9. 13 Reasons Why
You might reasonably assume that there is only so much material to be squeezed out of a premise wherein the main character is dead before you begin. Alas, Netflix’s adaptation of popular YA novel 13 Reasons Why sought to prove us all wrong.
Marred from the start by entirely reasonable criticisms of the show’s subject matter and execution, portraying a young girl’s tragic suicide as a vindictive endeavour and even showing the act itself on screen despite psychiatrist advise to do the exact opposite, many thought it would be unceremoniously shut down. Turns out all publicity is good publicity, however, because it became enormously popular and was quickly picked up for a startling three further seasons.

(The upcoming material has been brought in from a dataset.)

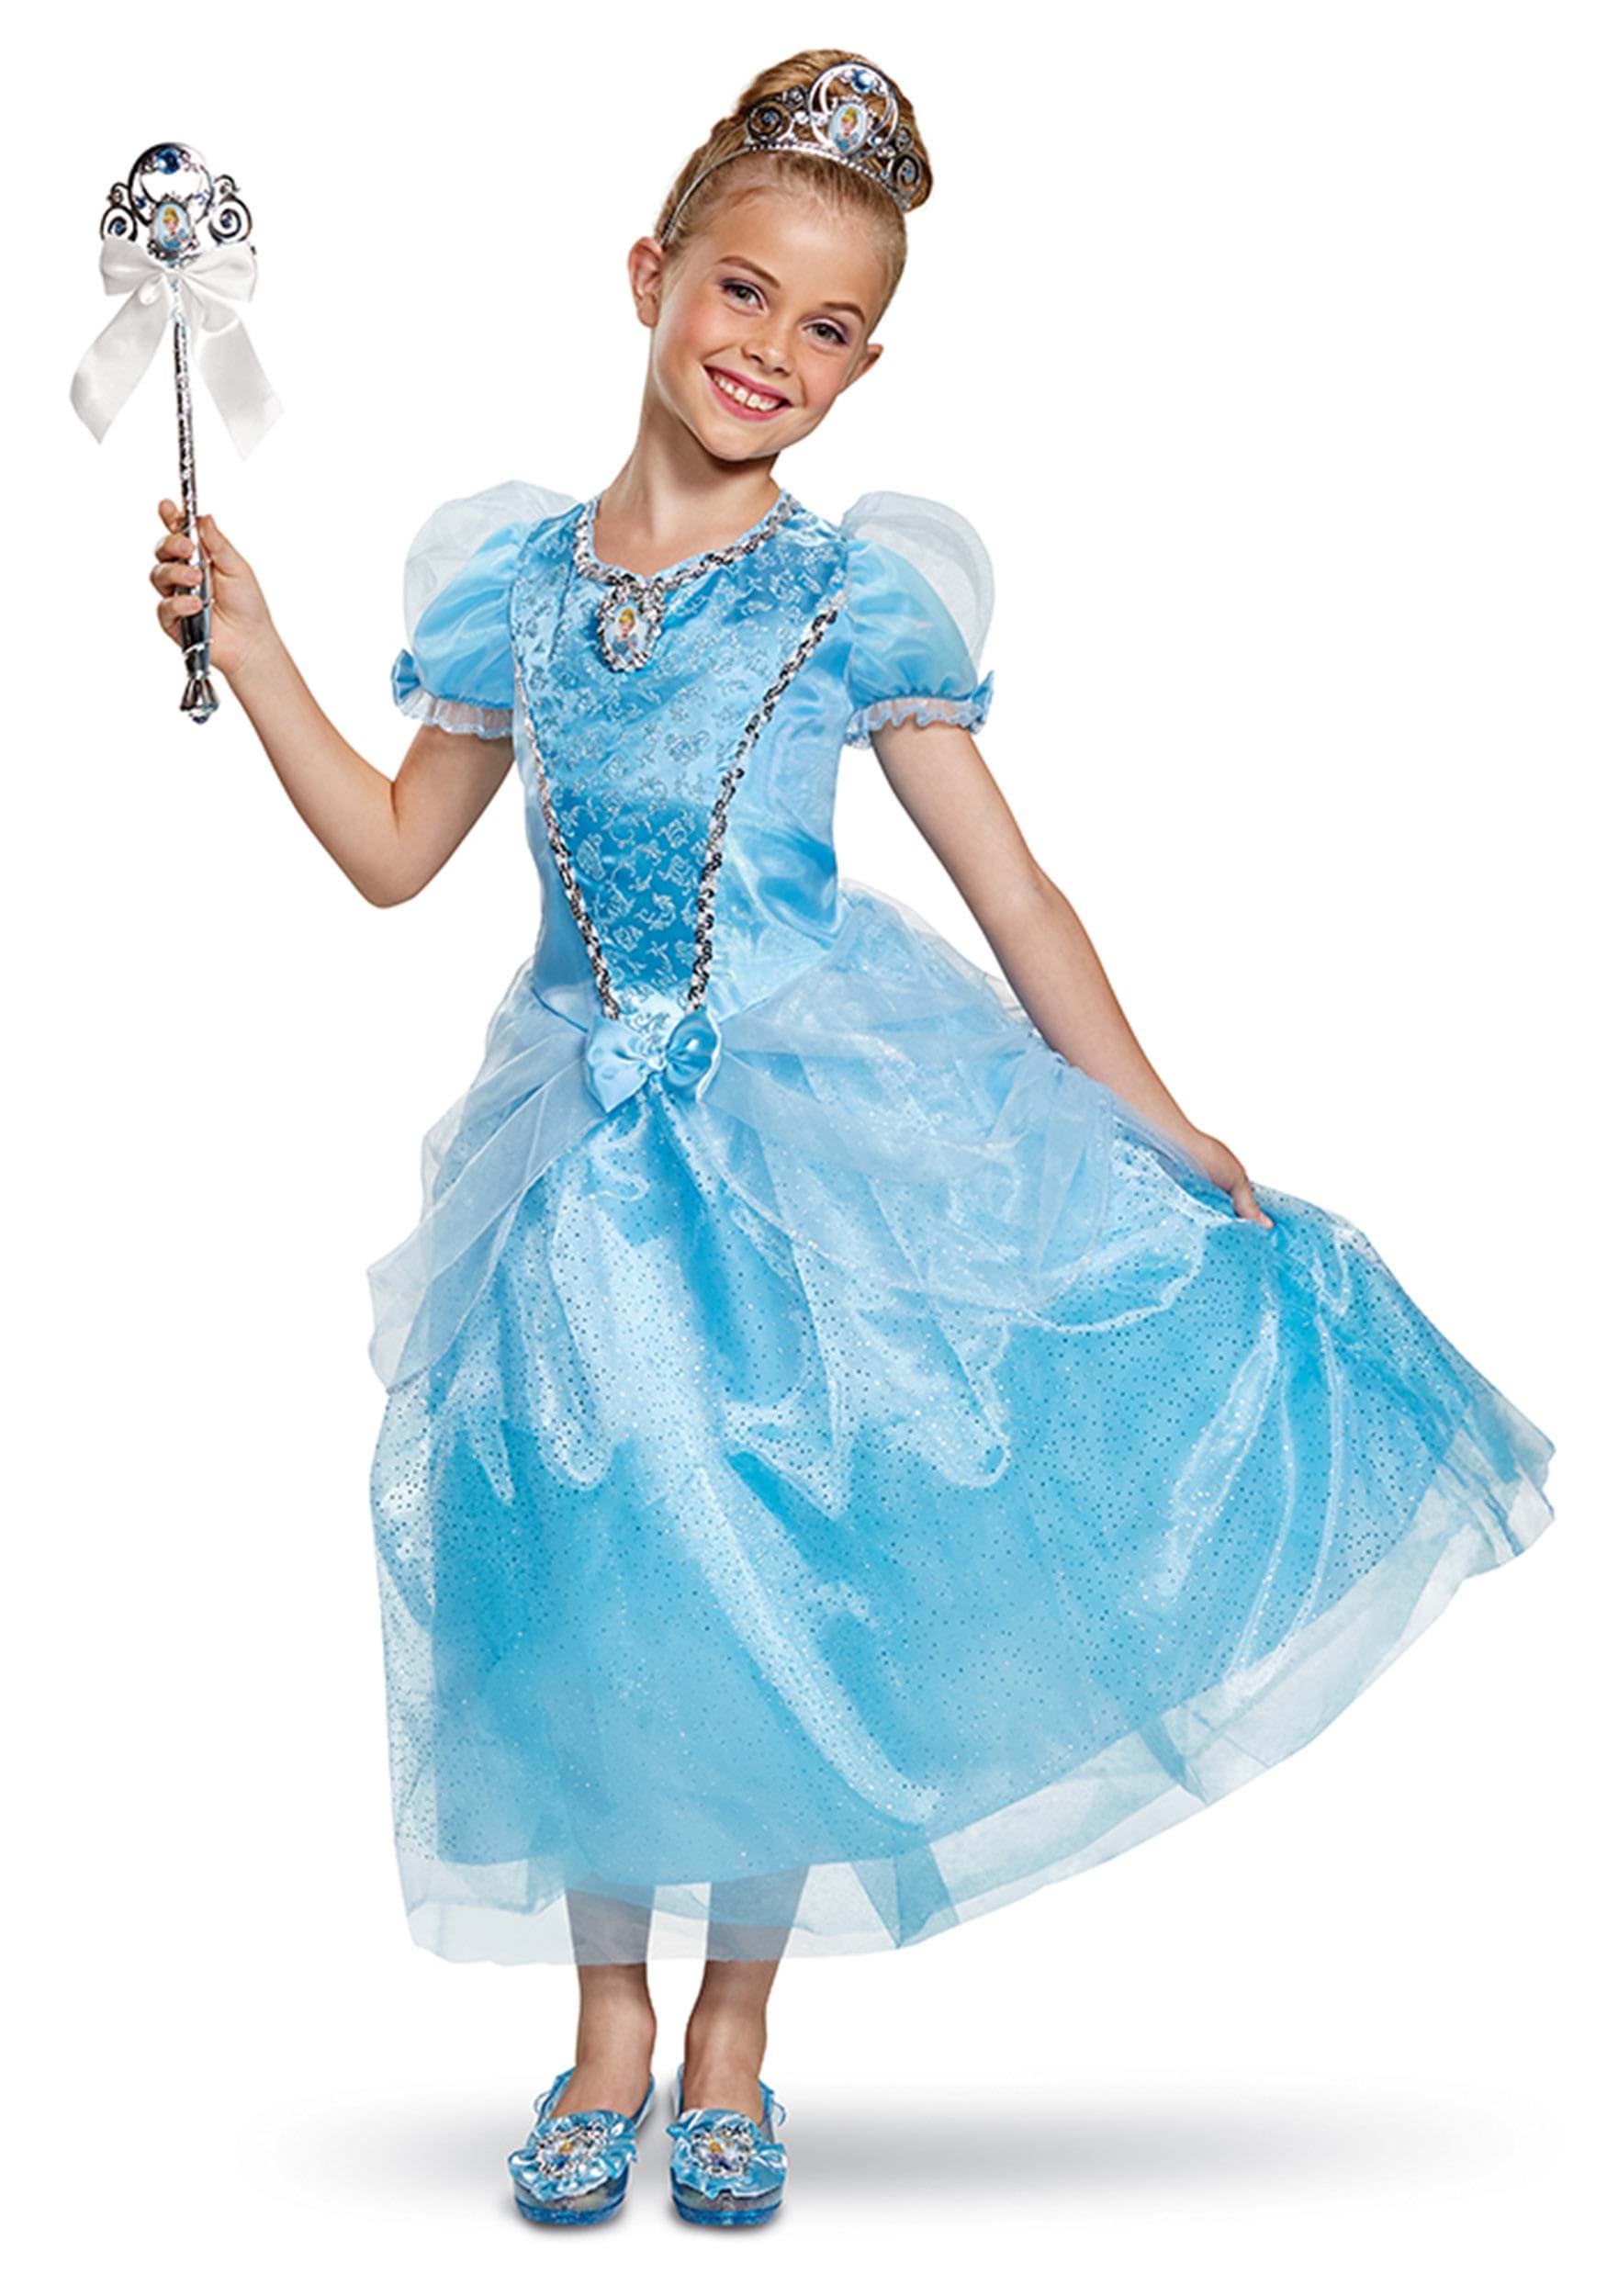 Photos - Fancy Dress Deluxe Disguise Kid's Cinderella  Costume Blue/Gray DI67013

Having exhausted content from the novel in the first season, the second sought to expand upon poor, dead Hannah Baker’s life prior to her death and how it entwined with the living characters, despite having successfully expressed all the reasons for her untimely death via cassette tape already. This led to retcons of prior storylines and a move to a more mystery focused plot and tone throughout the latter seasons, which many felt diluted and commodified the very real and serious, if somewhat mishandled original premise.
13 Reasons Why isn’t the worst thing on television. However, the overall disingenuous tone of the show and trivialisation of many genuine traumas such as self harm, suicide, rape, and depression experienced by real people, alongside the clear intent to commercialise it by extension, means it really would’ve been better left at one season, if any at all.
13 Reasons Why, this should have been your final tape.